- WHAT TO WORK ON:
In this exercise, the entries below include pictures. Repeat exactly the lines from the line with "Is Jack Black" to the line with "Respondents were much", including both, but without the pictures.

- EXTRACTED MATERIAL:

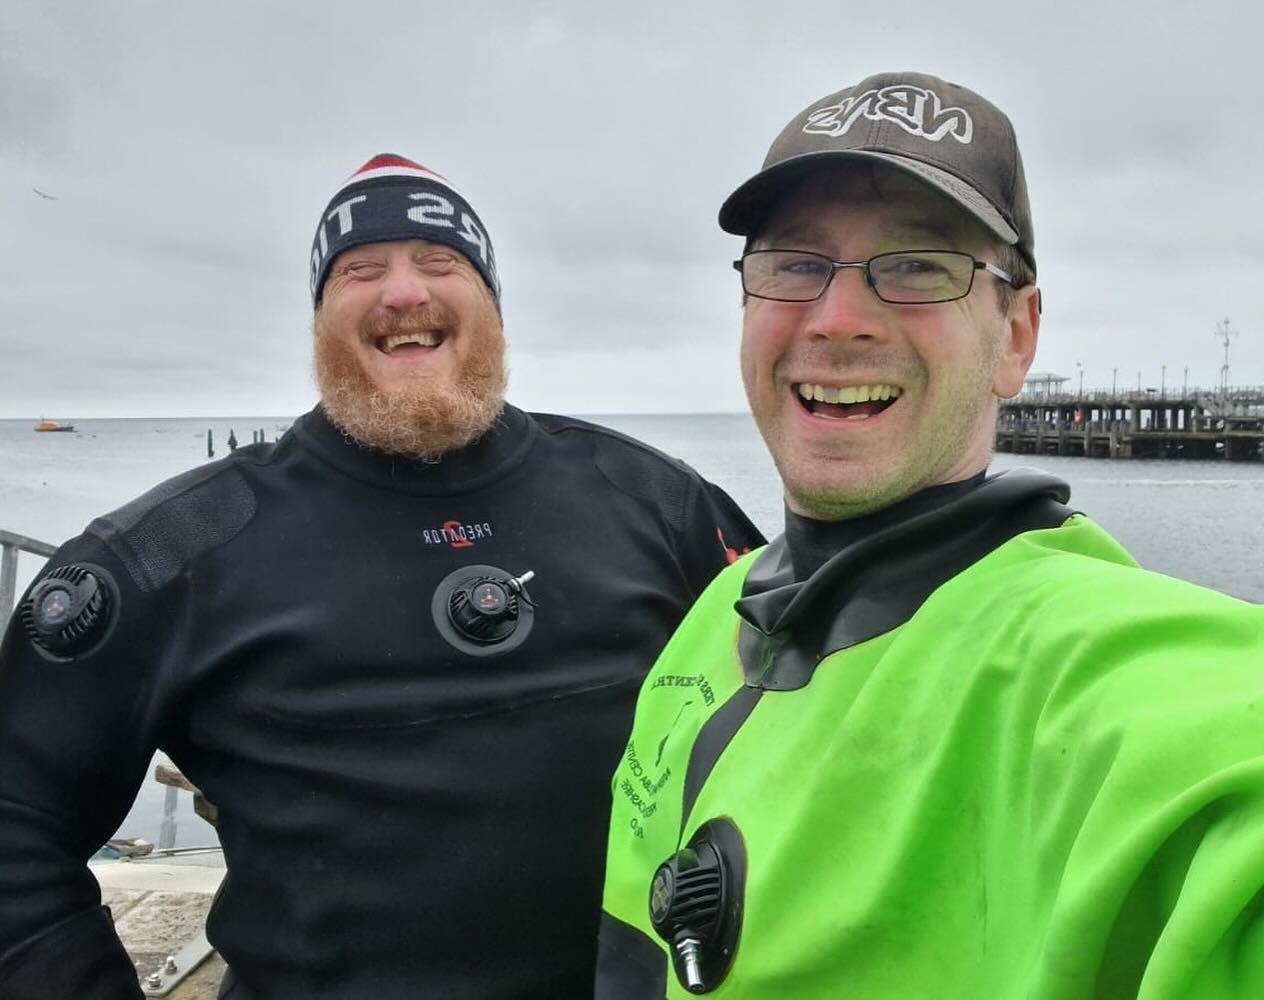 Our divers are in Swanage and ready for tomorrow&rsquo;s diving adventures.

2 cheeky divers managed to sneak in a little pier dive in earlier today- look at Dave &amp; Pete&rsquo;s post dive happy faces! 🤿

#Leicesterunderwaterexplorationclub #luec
* * *
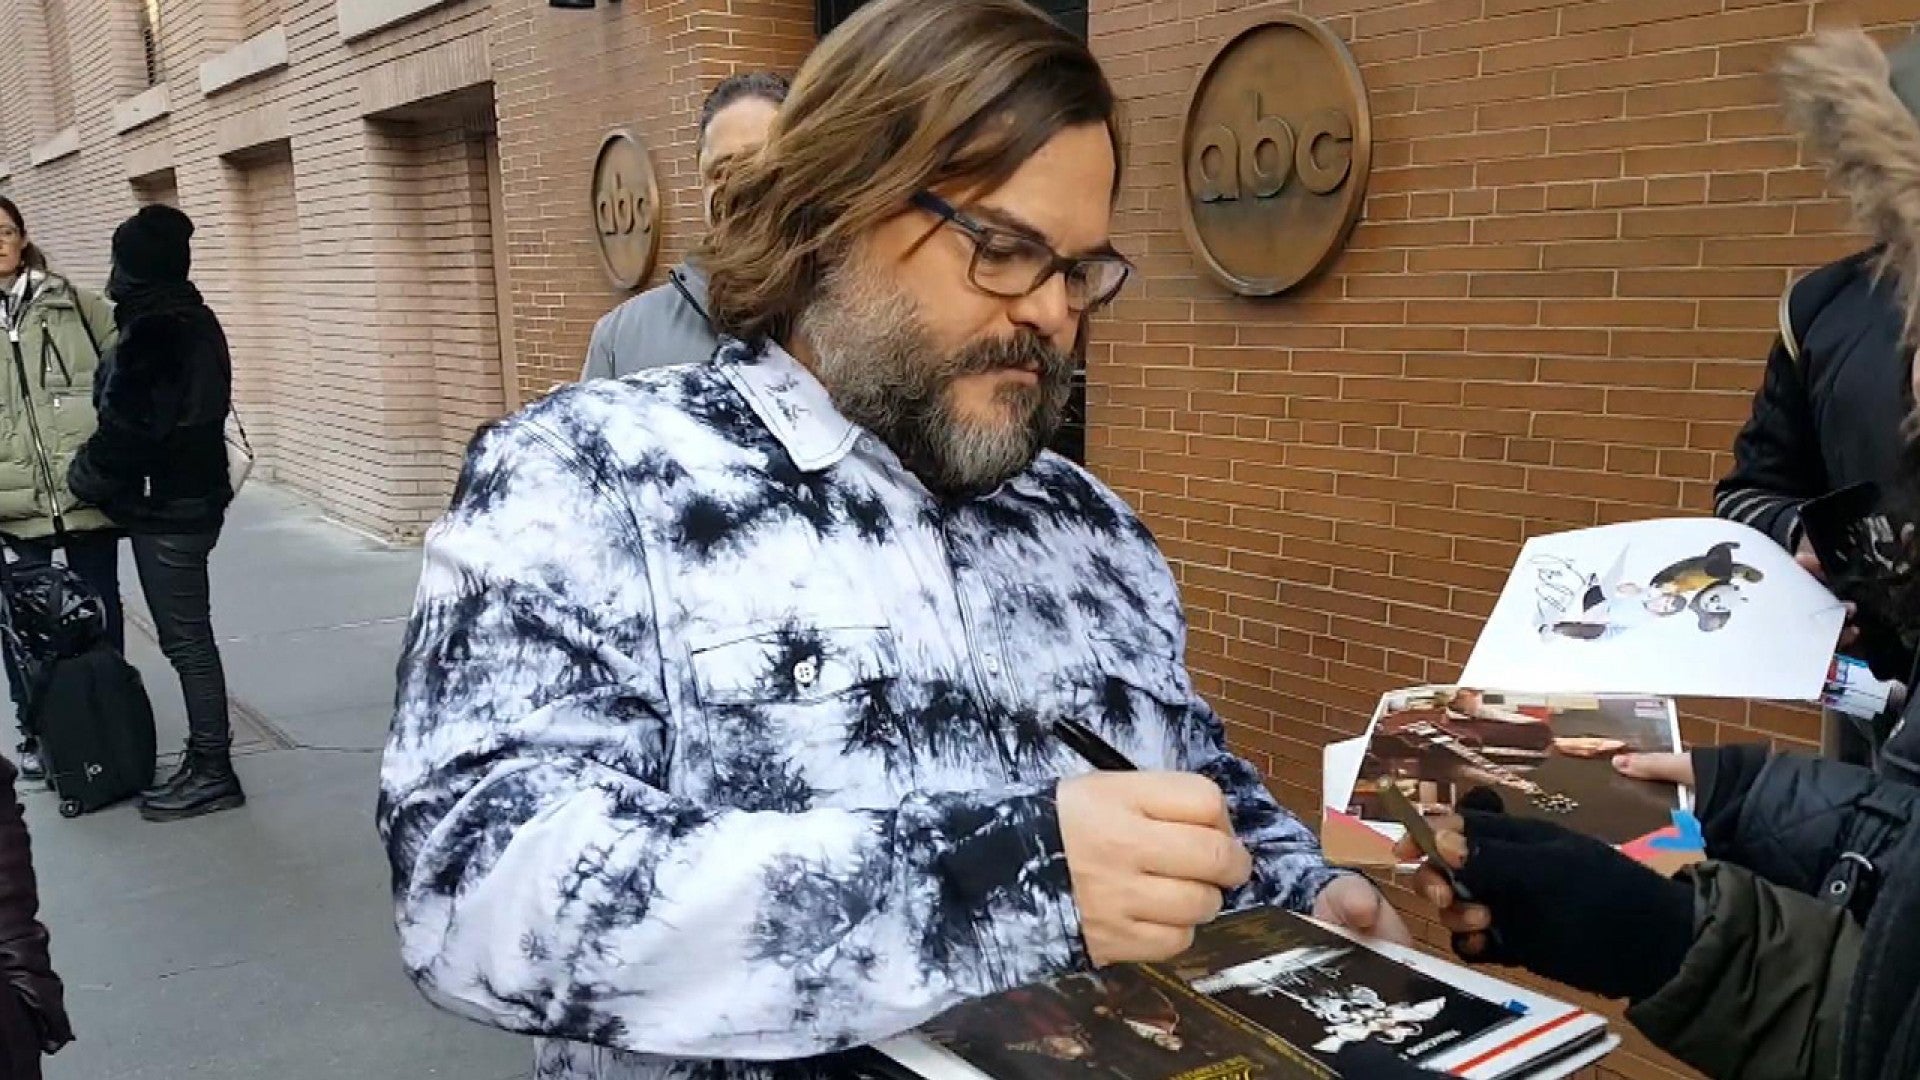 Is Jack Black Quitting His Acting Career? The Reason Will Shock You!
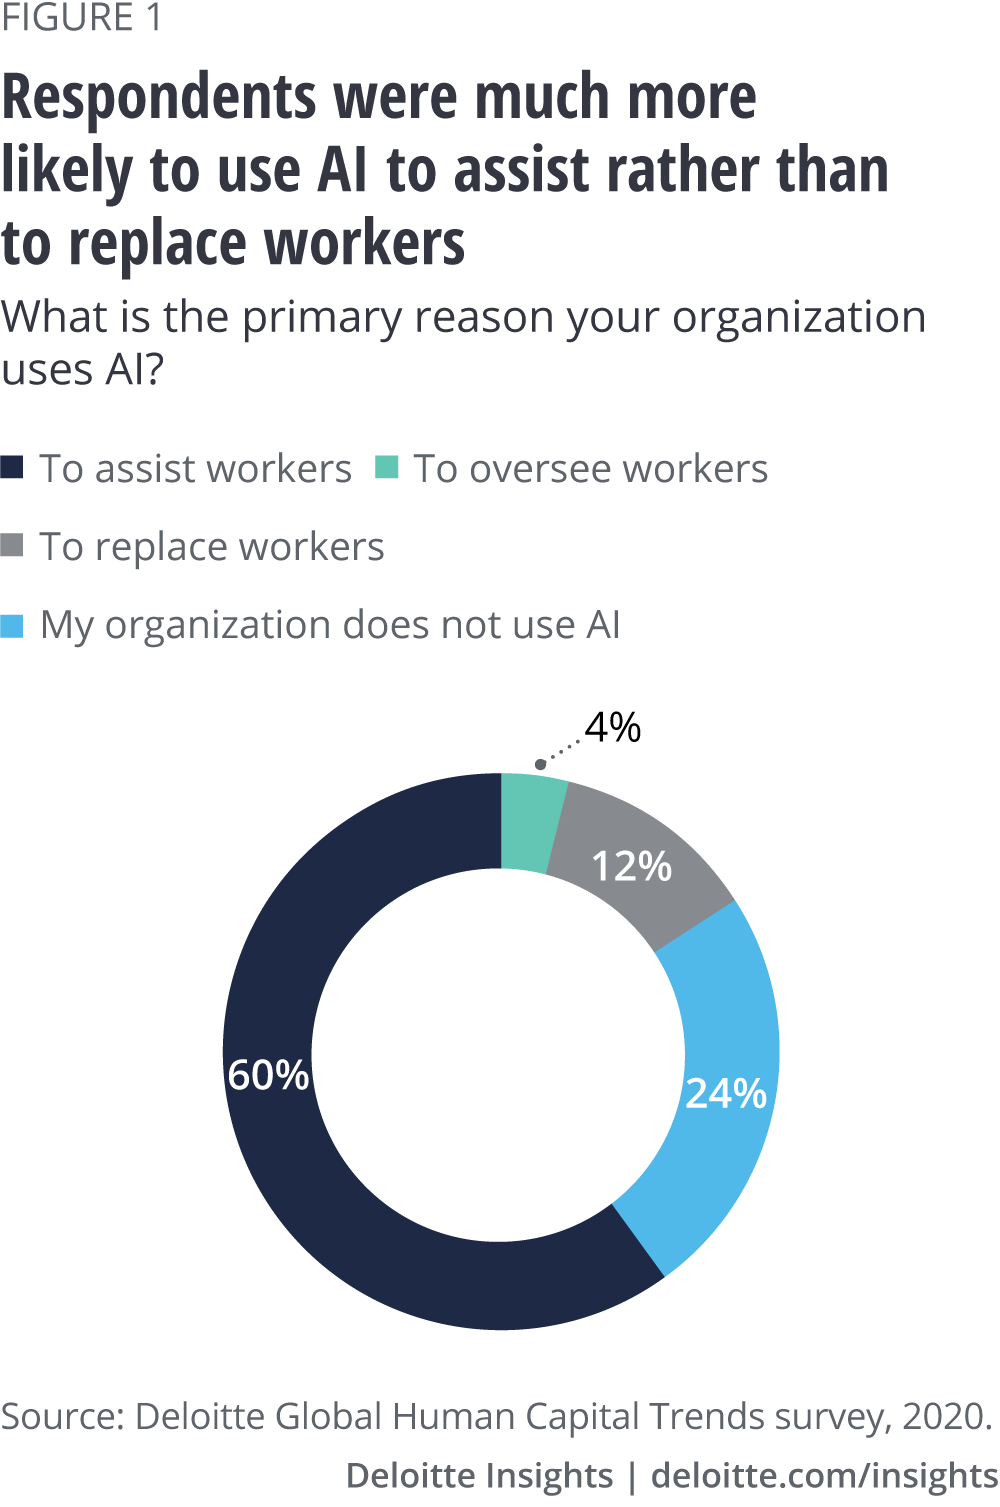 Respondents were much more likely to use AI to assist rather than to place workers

- SOLUTION TO THE PROBLEM:
 Is Jack Black Quitting His Acting Career? The Reason Will Shock You!
 Respondents were much more likely to use AI to assist rather than to place workers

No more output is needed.